If you change the Horowitz-Sahni algorithm correctly, it will be slightly slower than the original Horowitz-Sahni. Recall that Horowitz-Sahni has two lists of subsets of sums: sums of subsets in the left half of the original list and sums of subsets in the right half. Call these two lists of sums L and R. To get the subsets that sum with some fixed value of A, you can sort R and then look for a number in R that matches each number in L using a binary search. However, the algorithm is asymmetric only to maintain a constant factor in space and time. It is a good idea for this problem to sort both L and R.
In my code below, I also cancel L. Then you can save two pointers in R, updated for each record in L: a pointer to the last record in R, which is too small, and a pointer to the first record in R, which is too high. When you move to the next entry in L, each pointer can either move forward or stay in place, but they will not have to move backward. Thus, the second stage of the Horowitz-Sahni algorithm takes only linear time in the data generated in the first stage, plus linear time in the output length. Until the constant factor, you cannot do better (after you have completed this “mid-visit” algorithm).
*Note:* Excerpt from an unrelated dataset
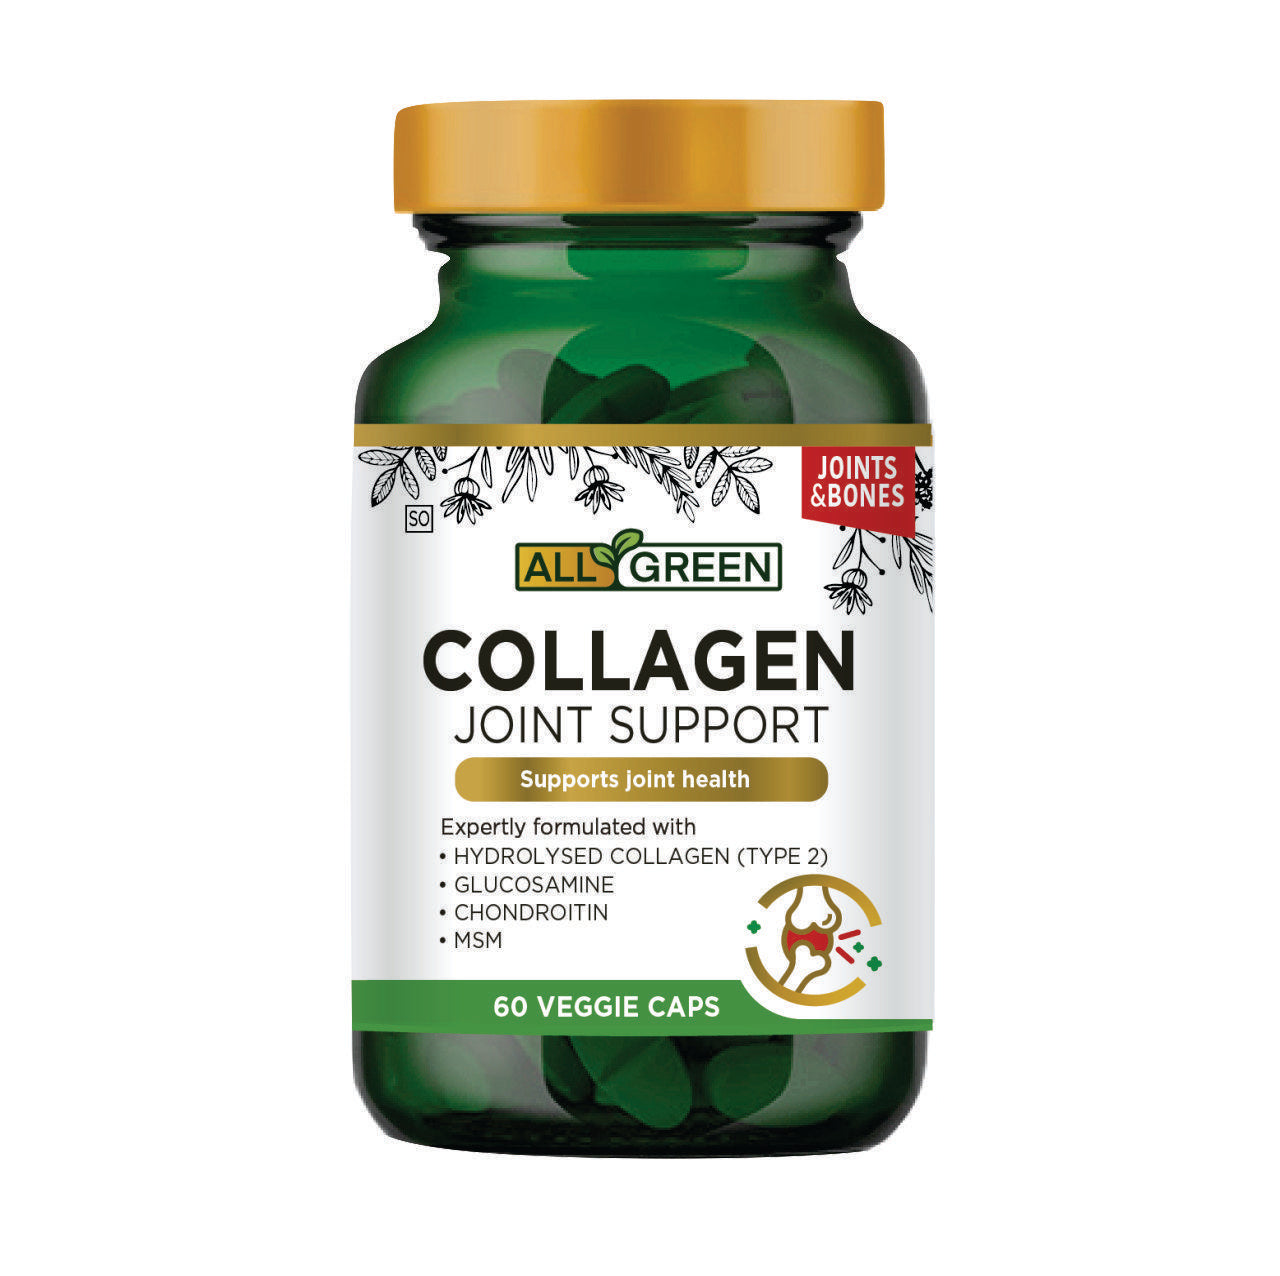 All Green - Collagen Joint Support

Here is the Python code with an example input:
# Input terms = [29371, 108810, 124019, 267363, 298330, 368607, 438140, 453243, 515250, 575143, 695146, 840979, 868052, 999760] (A,B) = (500000,600000) # Subset iterator stolen from Sage def subsets(X): yield []; pairs = [] for x in X: pairs.append((2**len(pairs),x)) for w in xrange(2**(len(pairs)-1), 2**(len(pairs))): yield [x for m, x in pairs if m & w] # Modified Horowitz-Sahni with toolow and toohigh indices L = sorted([(sum(S),S) for S in subsets(terms[:len(terms)/2])]) R = sorted([(sum(S),S) for S in subsets(terms[len(terms)/2:])]) (toolow,toohigh) = (-1,0) for (Lsum,S) in reversed(L): while R[toolow+1][0] < A-Lsum and toolow < len(R)-1: toolow += 1 while R[toohigh][0] <= B-Lsum and toohigh < len(R): toohigh += 1 for n in xrange(toolow+1,toohigh): print '+'.join(map(str,S+R[n][1])),'=',sum(S+R[n][1])
Moron (I think he should change his username) raises the reasonable problem of optimizing the algorithm a bit, skipping one of them. In fact, since each list of L and R is a list of sizes of subsets, you can do combined generation and sort each of them in linear time! (T. E. Linear in list lengths.) L is the union of two lists of sums, those that include the first term, the term [0], and those that do not. Therefore, in fact, you should just make one of these halves in sorted form, add a constant and then merge the two sorted lists. If you apply this idea recursively, you save the logarithmic coefficient over time to make sorted L, i.e. The coefficient N in the original variable of the problem. This provides a good reason to sort both lists as they are created. If you sort only one list, you have several binary searches that can re-enter this coefficient N; at best, you need to optimize them somehow.
At first glance, the O (N) factor can still exist for another reason: if you want not only the sum of the subset, but also the subset that makes up the sum, then it looks like O (N) time and space for storing each subset in L and in R. However, there is a data exchange trick that also gets rid of this O (N) coefficient. The first step is to save each subset of the left or right half as a linked list of bits (1 if the term is included, 0 if it is not included). Then, when the list L is doubled in size, as in the previous paragraph, the two linked lists for the subset and its partner can be shared, except in the chapter:
0 | v 1 -> 1 -> 0 -> ...
Actually, this trick of the linked list is an artifact of the cost model and will never be really useful. Since in order to have pointers in RAM with a value of O (1), you need to define data words with bits O (log (memory)). But if you have data words of this size, you can store each word as a vector with one bit, and not with this pointer structure. Ie, if you need less than gigaword memory, you can save each subset in a 32-bit word. If you need more than gigaword, then you have 64-bit architecture or emulation of it (or maybe 48 bits), and you can still store each subset in one word. If you are correcting the RAM cost model to account for the size of a word, then this factor N has never been like that.
So, interestingly, the time complexity of the original Horowitz-Sahni algorithm is not equal to O (N * 2 ^ (N / 2)), it is O (2 ^ (N / 2)). Similarly, the time complexity of this problem is O (K + 2 ^ (N / 2)), where K is the output length.